Не терять себя — это достоинство. Даже поддаваясь беснованиям толпы. Галилео. Лютер. Но сохраняет достоинство и тот, кто, оступившись, не позволяет выгородить себя. То есть то, на что не способны политики. Покаяние. Мужество признать и покаяться. Перед другими и перед собой.

Грегориус перевел дыхание. Мысль можно узнать, только когда ее выскажешь.

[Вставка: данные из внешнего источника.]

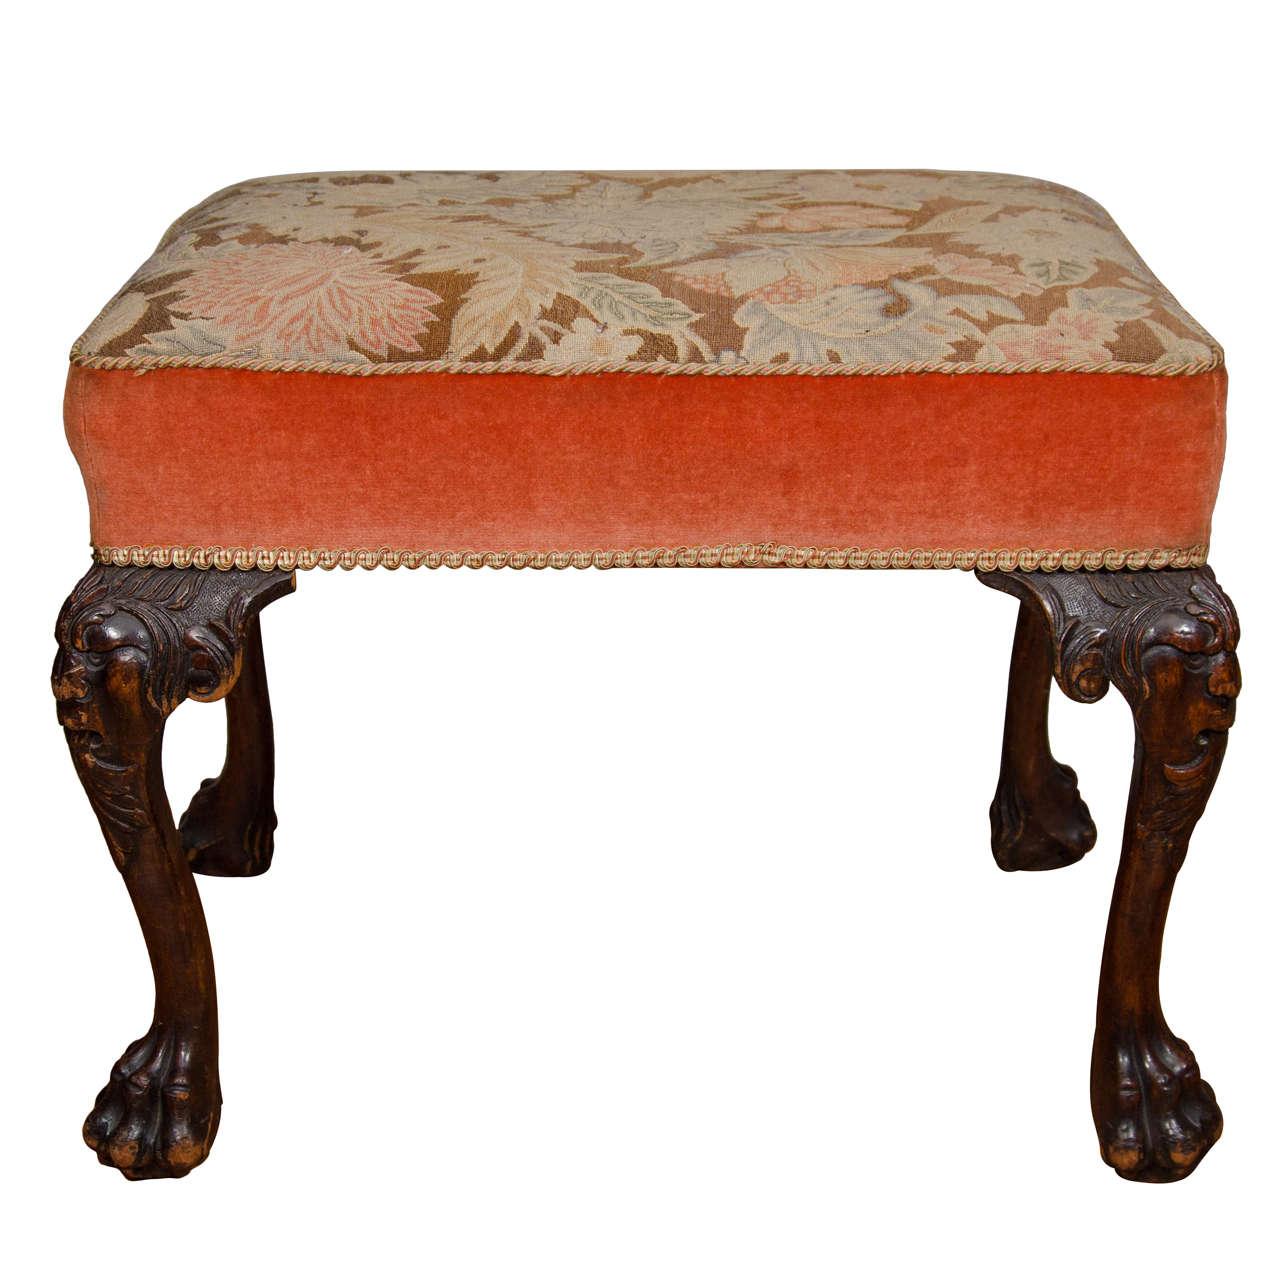 18th Century Upholstered Mahogany Stool

— Знаешь, охватывает омерзение, — согласился Эса, — особое омерзение, когда имеешь дело с человеком, который весь изолгался. Наверное, особенно мерзко становится оттого, что в нем нет ни капли достоинства. На собраниях в школе я сидел рядом с одним таким, который постоянно вытирал о штаны липкие ладони и странным образом создавалось впечатление, что на самом деле он вовсе не стремится их вытереть. Было так противно. Он все набивался мне в друзья, но меня от него тошнило. И не только из-за липких ладоней. Он весь был такой. При расставаниях или извинениях тоже встает вопрос достоинства, — задумчиво добавил он. — Амадеу иногда размышлял об этом вслух. Особенно его занимало различие между прощением, с которым ты не лишаешь человека достоинства, и таким, когда просто уничтожаешь его. «Не должно прощать, унижая человека, — говорил он. — То есть не так, как требует от нас Библия, когда ты склоняешься перед Богом, как жалкий раб. Как раб! Именно так и писано!» Подчас он раскалялся добела от гнева. А потом негодовал и по поводу новозаветной идеи воскресения, которая, по его мнению, лишает человека достоинства. «Умереть с достоинством — значит умереть в полном осознании факта, что это конец. Отвергая пошлость надежды на бессмертие». В праздник Вознесения Христова его практика всегда была открыта, и работал он в этот день еще больше, чем в любой другой.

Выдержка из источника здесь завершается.